Congressional interest in alcohol excise taxes is broad, given a variety of policy motivations and
the industry’s wide geographic distribution. Since their inception in 1791, federal excise taxes on
alcohol have been imposed or increased throughout history primarily to fund emergency spending
during wartime or in response to concerns over the growth of budget deficits.
Today, three main approaches drive interest in alcohol taxes: (1) tax rates could be decreased to
benefit firms in the industry, (2) excise tax rates could be increased for deficit reduction, or (3)
excise tax rates could be increased to discourage the negative spillover effects of alcohol
consumption (e.g., drunk driving fatalities, property damage, domestic violence).

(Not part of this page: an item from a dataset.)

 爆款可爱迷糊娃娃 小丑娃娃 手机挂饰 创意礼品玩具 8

This report provides a brief historical overview of alcohol excise tax policy and a description of
current law. Next, the report analyzes alcohol excise tax rates based on some of the standard
criteria for tax evaluation: revenue, economic efficiency, and equity. Lastly, this report discusses
bills introduced in the 114th Congress that would reduce current excise tax rates as well as
possible approaches to raising alcohol excise tax rates.

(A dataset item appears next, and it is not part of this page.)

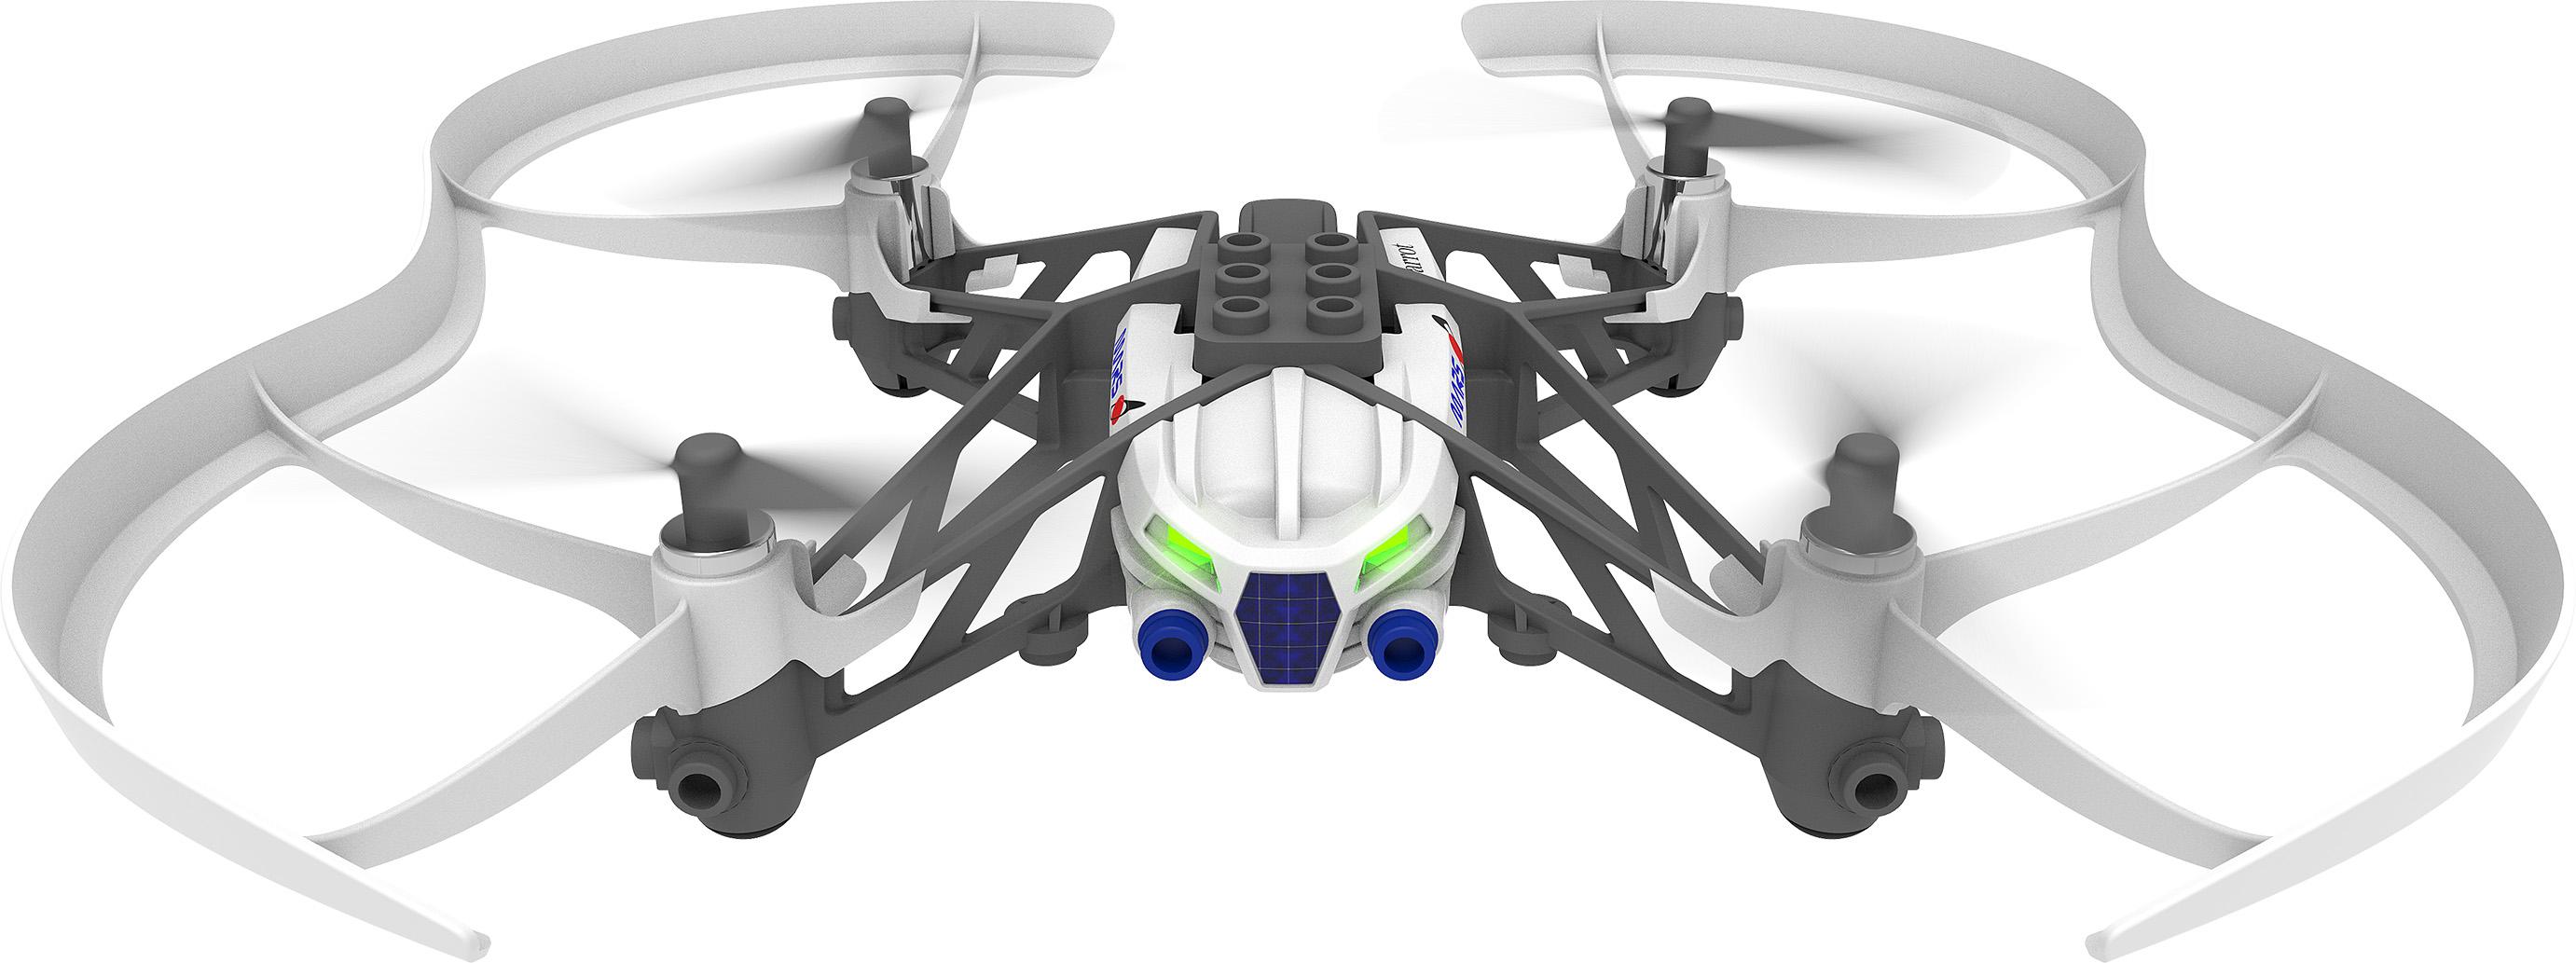 Parrot Airborne Cargo Mars Drone QK9-00009

Despite three tax rate increases since 1951 (with the last increase in 1991), alcohol excise taxes
have declined in inflation-adjusted value over time. Excise tax reductions would reduce excise tax
collections, reduce some of the regressivity in the federal tax code, and provide owners of the
affected alcohol producers with a temporary increase in their profits (due to lower tax rates).
Economists typically justify imposing excise taxes on alcohol consumption to better reflect the
costs of an individual’s consumption of alcohol to society. While there is much debate
surrounding the technical measurement of these linkages, most researchers argue that alcohol
excise tax rates are set below the economically efficient level to compensate for social costs. One
estimate finds the combined federal, state, and local taxes between 25 cents and 29 cents (in 2013
dollars) per ounce of pure alcohol compared with the external cost of $1.02 per ounce.
Analysis suggests that excise tax increases are usually passed forward to consumers through
higher prices and are not borne by the owners of alcoholic beverage manufacturers or importers.
Excise taxes are generally regressive, alcohol included. Lower income households tend to spend a
higher share of their pre-tax income on alcoholic beverages, but this distribution is not as uneven
as spending on non-alcoholic beverages or food. Consumers also pay different amounts of federal
excise tax on the same amount of alcohol content, based on the type of alcoholic beverages they
purchase. At current rates, the federal tax per ounce of pure alcoholic content for spirits, wine,
and beer is 21 cents, 10 cents, and 8 cents, respectively.